From 339f0bb3d98df5e9f8f1600b235f4d5cadb4924e Mon Sep 17 00:00:00 2001
From: Philip Tzou <philip@users.mediawiki.org>
Date: Wed, 6 Jan 2010 19:51:29 +0000
Subject: [PATCH] 1. Add conditions to stripForSearch for LuceneSearch /
 MWSearch. 2. Add double-width roman characters conversion support to zh, gan,
 and yue.

---
 languages/Language.php                |  5 ++-
 languages/classes/LanguageGan.php     | 45 +++++++++++++++++----------
 languages/classes/LanguageJa.php      | 29 +++++++++--------
 languages/classes/LanguageYue.php     | 30 +++++++++++++-----
 languages/classes/LanguageZh.php      | 15 +++++----
 languages/classes/LanguageZh_hans.php | 40 ++++++++++++++++--------
 6 files changed, 103 insertions(+), 61 deletions(-)

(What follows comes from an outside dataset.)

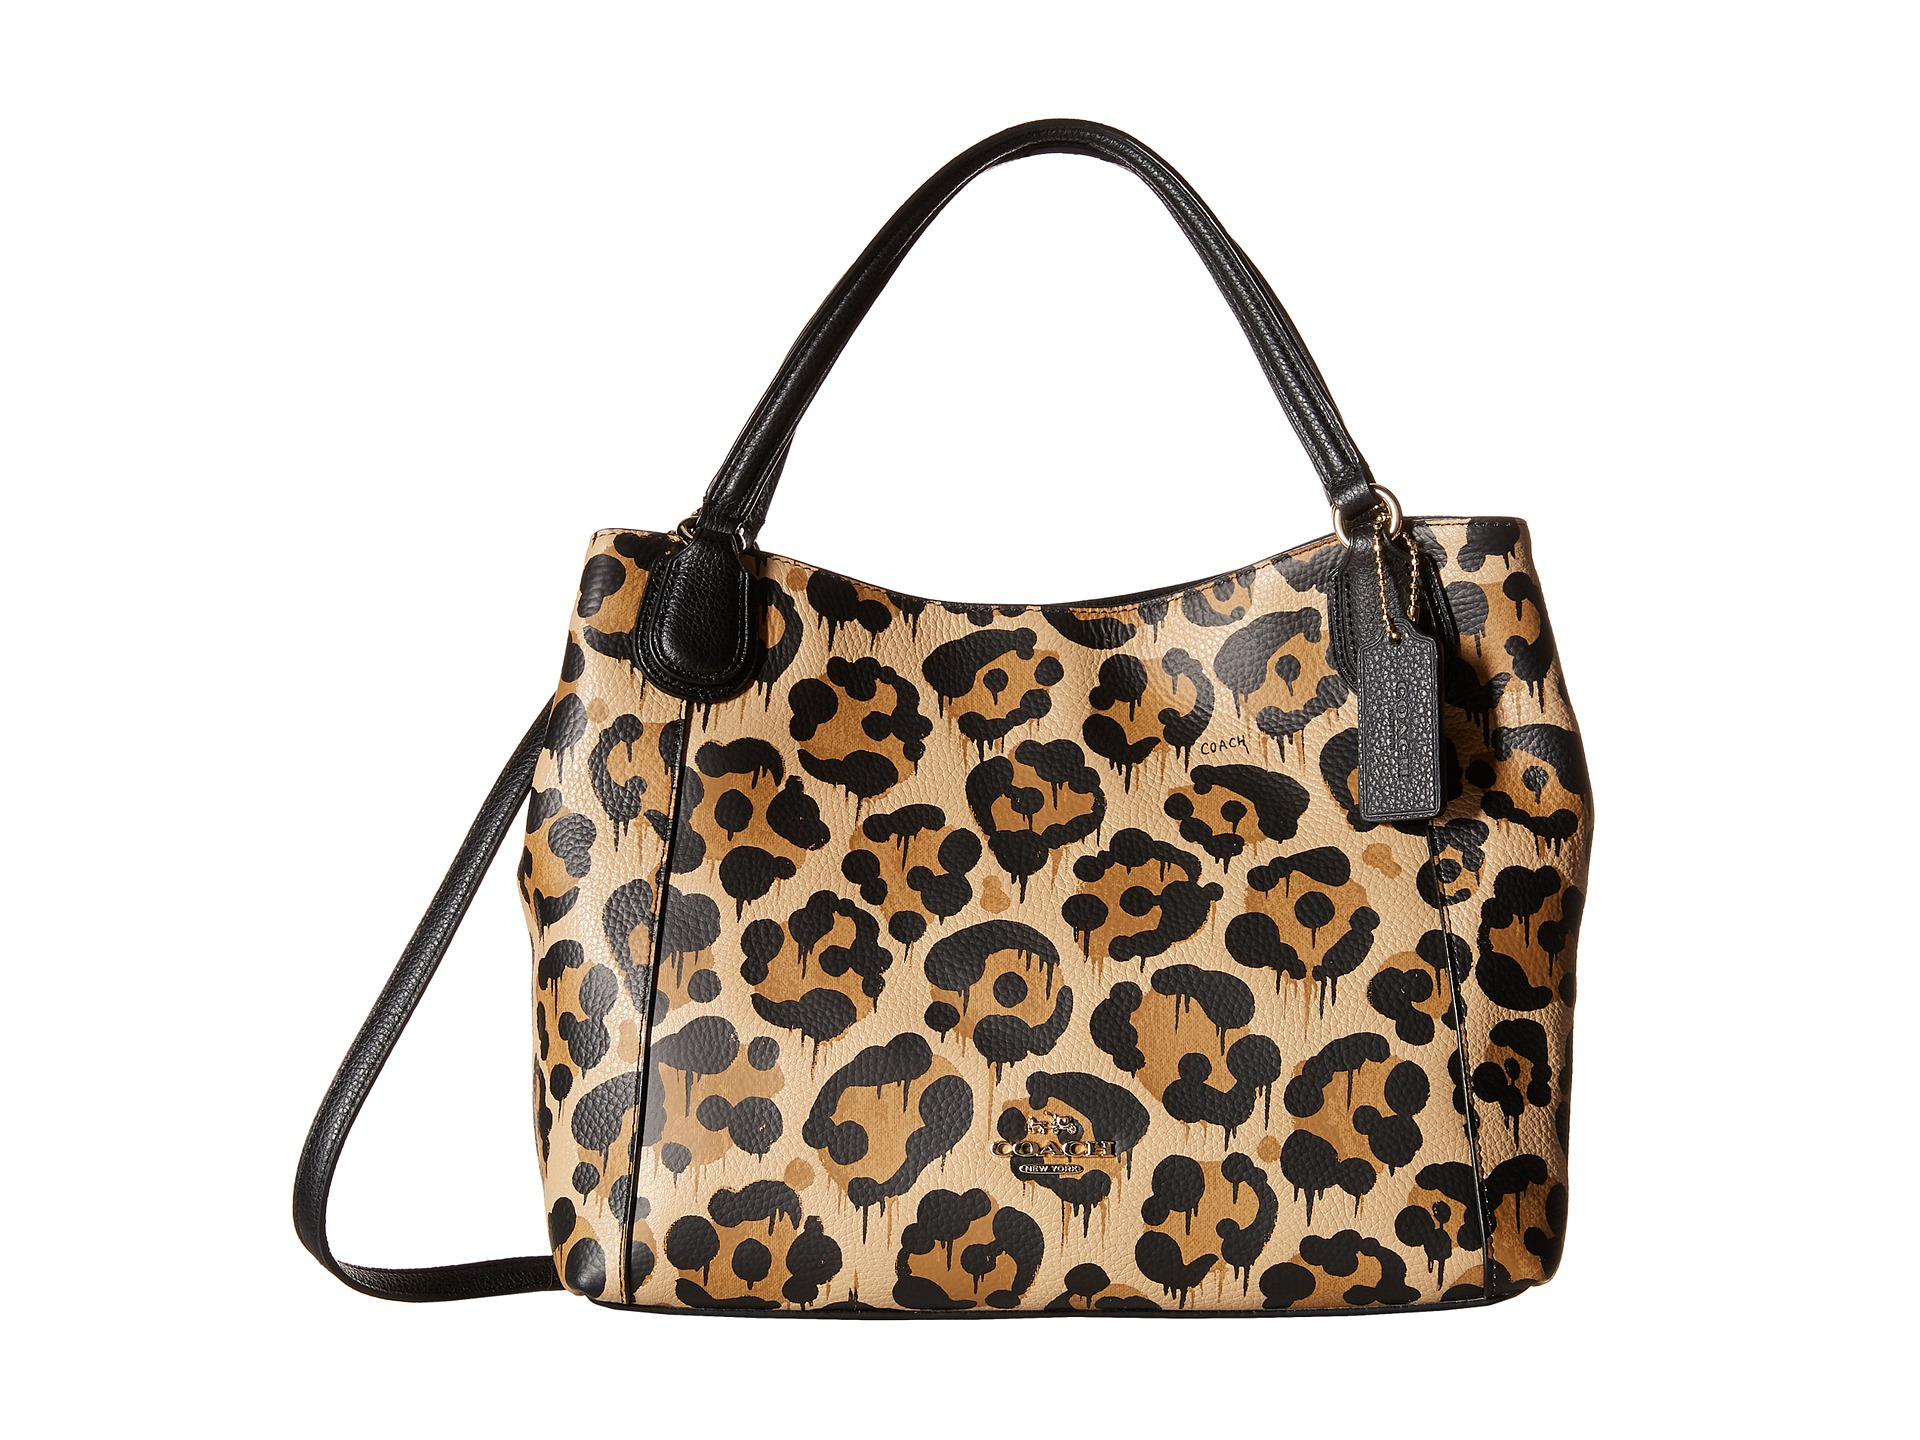 ... Coach Leopard Ocelot Print Edie 28 in Brown Lyst ... 28 In Wild Beast  Print Leather ... e5c179704f39c

diff --git a/languages/Language.php b/languages/Language.php
index 19571d8dbb..a368b31612 100644
--- a/languages/Language.php
+++ b/languages/Language.php
@@ -1697,12 +1697,11 @@ class Language {
 	 * @return String
 	 */
 	function stripForSearch( $string ) {
-		global $wgDBtype;
-		if ( $wgDBtype != 'mysql' ) {
+		global $wgDBtype, $wgSearchType;
+		if ( $wgDBtype != 'mysql' or $wgSearchType == 'LuceneSearch' ) {
 			return $string;
 		}
 
-
 		wfProfileIn( __METHOD__ );
 		
 		// MySQL fulltext index doesn't grok utf-8, so we
diff --git a/languages/classes/LanguageGan.php b/languages/classes/LanguageGan.php
index 151a99ccdd..9bca7d6794 100644
--- a/languages/classes/LanguageGan.php
+++ b/languages/classes/LanguageGan.php
@@ -139,23 +139,36 @@ class LanguageGan extends LanguageZh {
 	// word segmentation
 	function stripForSearch( $string ) {
 		wfProfileIn( __METHOD__ );
-
-		// eventually this should be a word segmentation
-		// for now just treat each character as a word
-		// @todo Fixme: only do this for Han characters...
-		$t = preg_replace(
-				"/([\\xc0-\\xff][\\x80-\\xbf]*)/",
-				" $1", $string);
-
-        //always convert to gan-hans before indexing. it should be
-		//better to use gan-hans for search, since conversion from
-		//Traditional to Simplified is less ambiguous than the
-		//other way around
-
-		$t = $this->mConverter->autoConvert($t, 'gan-hans');
-		$t = parent::stripForSearch( $t );
+		global $wgSearchType;
+
+		// always convert to gan-hans before indexing. it should be
+		// better to use gan-hans for search, since conversion from
+		// Traditional to Simplified is less ambiguous than the
+		// other way around
+		$s = $this->mConverter->autoConvert($string, 'gan-hans');
+
+		// Double-width roman characters: ff00-ff5f ~= 0020-007f
+		$s = preg_replace( '/\xef\xbc([\x80-\xbf])/e', 'chr((ord("$1") & 0x3f) + 0x20)', $s );
+		$s = preg_replace( '/\xef\xbd([\x80-\x99])/e', 'chr((ord("$1") & 0x3f) + 0x60)', $s );
+
+		if ( $wgSearchType != 'LuceneSearch' ) {
+			// eventually this should be a word segmentation;
+			// for now just treat each character as a word.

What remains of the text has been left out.